"Jean Louis Seguineau" <[EMAIL PROTECTED]> wrote:
>
[snip]
> What I meant was to use
> something like:
>
> <iq type="set" id="2">
> <query xmlns="jabber:iq:privacy">
> <item jid="[EMAIL PROTECTED]" type="deny"/>
> <item jid="[EMAIL PROTECTED]" type="deny">
> <message/>
> <iq/>
> </item>
> <item jid="[EMAIL PROTECTED]" type="allow">
> <presence/>
> </item>
> </query>
> </iq>
[snip]
Forgive me if my comments are nonsense. I'm relatively new at Jabber
and XML.
It seems to me the above doesn't work. How would a combined deny/allow
list work in practice? Specifically: what should the server do in the
presence of both, but the absence of a particular JID on either list?
Allow? Deny? And in the above scenario, what should the server do?
First JID match wins or last JID match over-rides?

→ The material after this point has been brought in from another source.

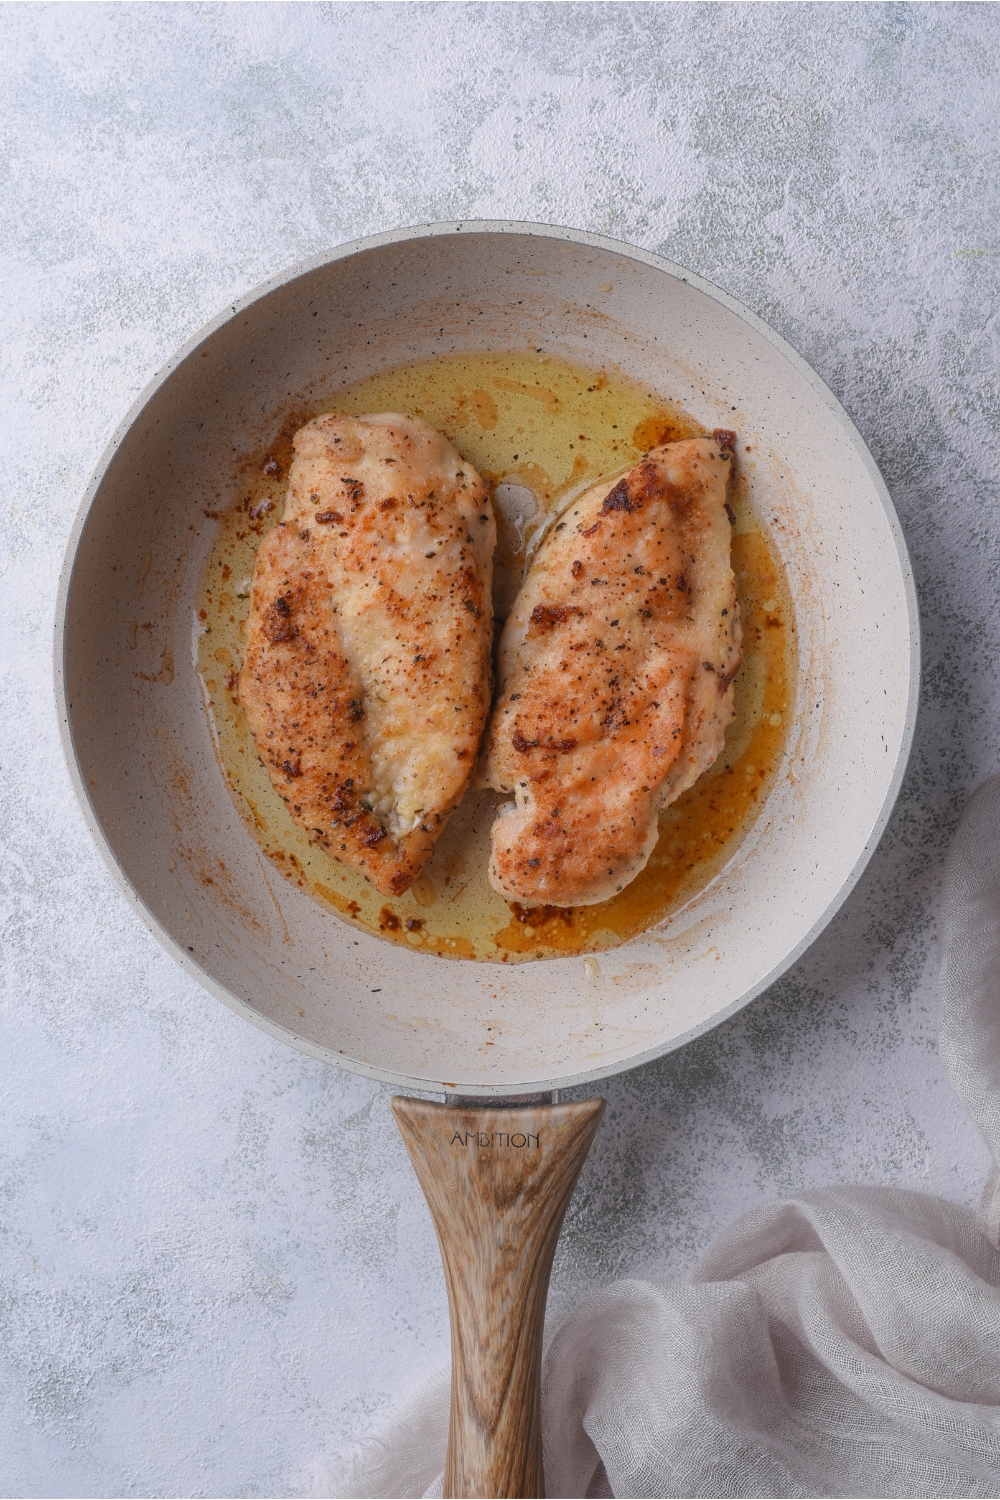 A grey skillet with a wooden handle and two seasoned and pan-fried chicken breasts in it.

Here are my thoughts, such as they are and keeping the caveat I
mentioned above in mind.
First of all: I believe "whitelisting" support needs to happen at the
start. Particularly if the goal is to provide support similar to that
of AIM. What I'm mainly working on is Jabber support in Gaim, so both
"blacklisting" and "whitelisting" capability would make things
considerably easier for consistency's sake.
I'm wondering if something more like this wouldn't work better
(warning: possibly completely brain-dead XML follows):
<iq type="result" id="1">
<query xmlns="jabber:iq:privacy" type="deny">
<item jid="[EMAIL PROTECTED]"/>
<item jid="[EMAIL PROTECTED]">
<message/>
</item>
</query>
</iq>
Which would provide for:
<iq type="result" id="1">
<query xmlns="jabber:iq:privacy" type="permit">
<item jid="[EMAIL PROTECTED]"/>
<item jid="[EMAIL PROTECTED]"/>
</query>
</iq>
Then an empty "deny" list would be "permit everybody" and an empty
"permit" list would be a "deny everybody".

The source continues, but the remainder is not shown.